DETAILED DESCRIPTION OF THE PREFERRED EMBODIMENTS

I. Definitions

[0019] Before describing the present invention in detail, it is to be understood that this invention is not limited to particularly exemplified systems or process parameters that may, of course, vary. It is also to be understood that the terminology used herein is for the purpose of describing particular embodiments of the invention only, and is not intended to limit the scope of the invention in any manner.

[0020] All publications, patents and patent applications cited herein, whether supra or infra, are hereby incorporated by reference in their entirety to the same extent as if each individual publication, patent or patent application was specifically and individually indicated to be incorporated by reference.

[0021] The term "comprising" which is synonymous with "including," "containing," or "characterized by," is inclusive or open-ended and does not exclude additional, unrecited elements or method steps.

[0022] The term "consisting essentially of" limits the scope of a claim to the specified materials or steps "and those that do not materially affect the basic and novel characteristic(s)" of the claimed invention.

[0023] The term "consisting of" as used herein, excludes any element, step, or ingredient not specified in the claim.

[0024] It must be noted that, as used in this specification and the appended claims, the singular forms "a," "an" and "the" include plural referents unless the content clearly dictates otherwise. Thus, for example, reference to a "surfactant" includes one, two or more surfactants.

[0025] Unless otherwise stated, all percentages, ratios, parts, and amounts used and described herein are by weight.

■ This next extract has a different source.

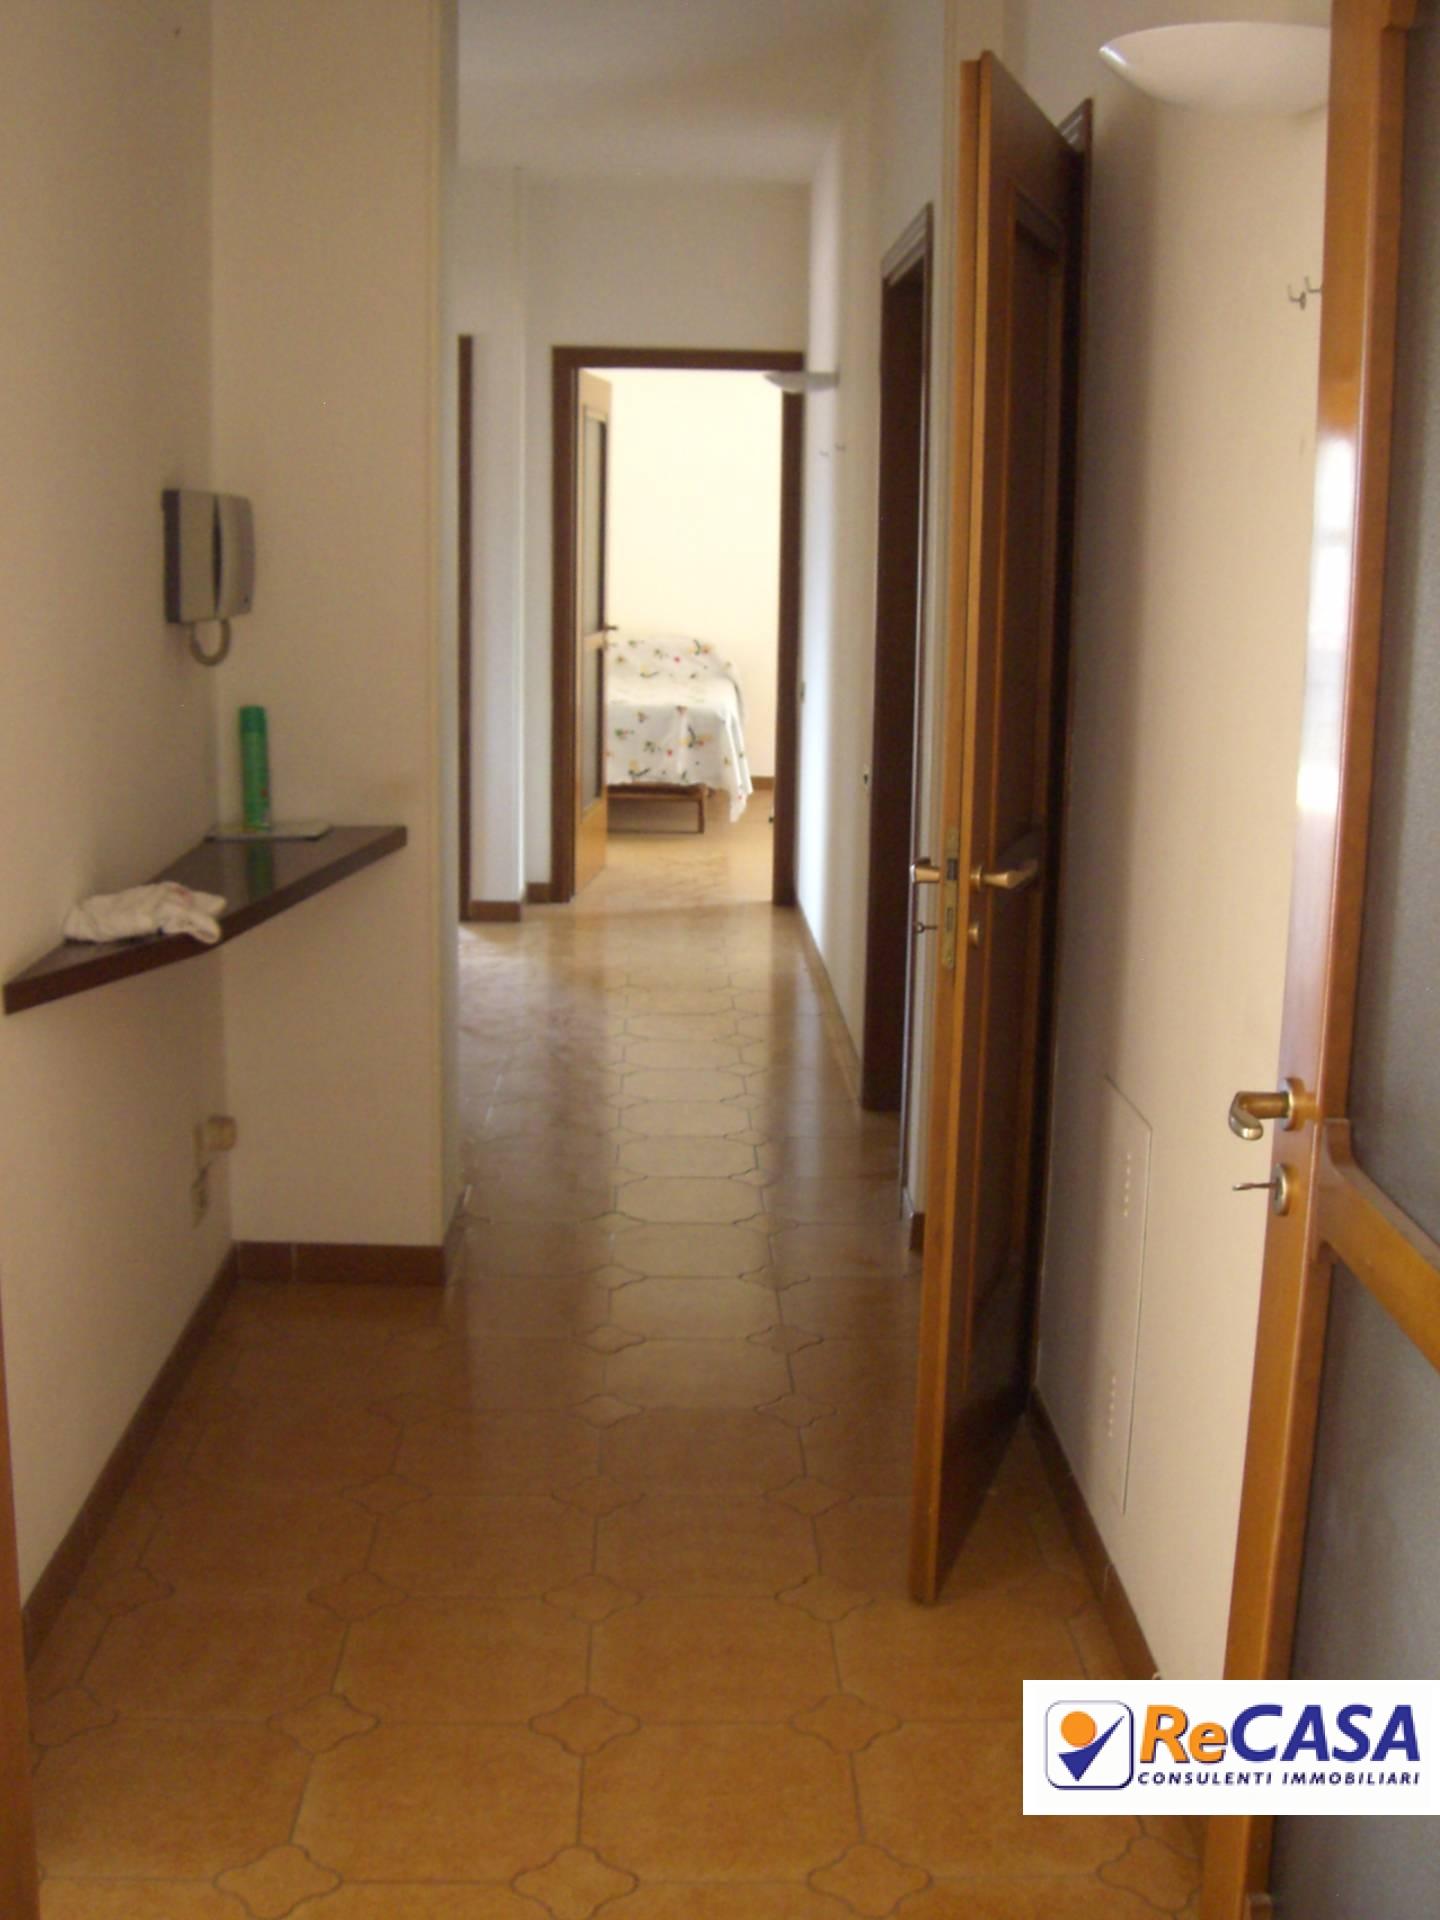 Appartamento in vendita a Montecorvino Rovella, 4 locali, zona Zona: Nuvola, prezzo € 115.000   Cambio Casa.it

Percentages or other numbers referring to how much of the surface area of a given face are provided by melamine (or another material) may be by surface area (e.g., what fraction of the exterior surface area of the face is provided by melamine).

[0026] Numbers, percentages, ratios, or other values stated herein may include that value, and also other values that are about or approximately the stated value, as would be appreciated by one of ordinary skill in the art. As such, all values herein are understood to be modified by the term "about". A stated value should therefore be interpreted broadly enough to encompass values that are at least close enough to the stated value to perform a desired function or achieve a desired result, and/or values that round to the stated value. The stated values include at least the variation to be expected in a typical manufacturing process, and may include values that are within 10%, within 5%, within 1%, etc. of a stated value. Furthermore, where used, the terms "substantially", "similarly", "about" or "approximately" represent an amount or state close to the stated amount or state that still performs a desired function or achieves a desired result. For example, the term "substantially" "about" or "approximately" may refer to an amount that is within 10% of, within 5% of, or within 1% of, a stated amount or value.

[0027] Some ranges may be disclosed herein. Additional ranges may be defined between any values disclosed herein as being exemplary of a particular parameter. All such ranges are contemplated and within the scope of the present disclosure.

[0028] In the application, effective amounts are generally those amounts listed as the ranges or levels of ingredients in the descriptions, which follow hereto. Unless otherwise stated, amounts listed in percentage ("%'s") are in weight percent (based on 100% active) of any composition.

[0029] The phrase `free of` or similar phrases if used herein means that the composition or article comprises 0% of the stated component, that is, the component has not been intentionally added. However, it will be appreciated that such components may incidentally form thereafter, under some circumstances, or such component may be incidentally present, e.g., as an incidental contaminant.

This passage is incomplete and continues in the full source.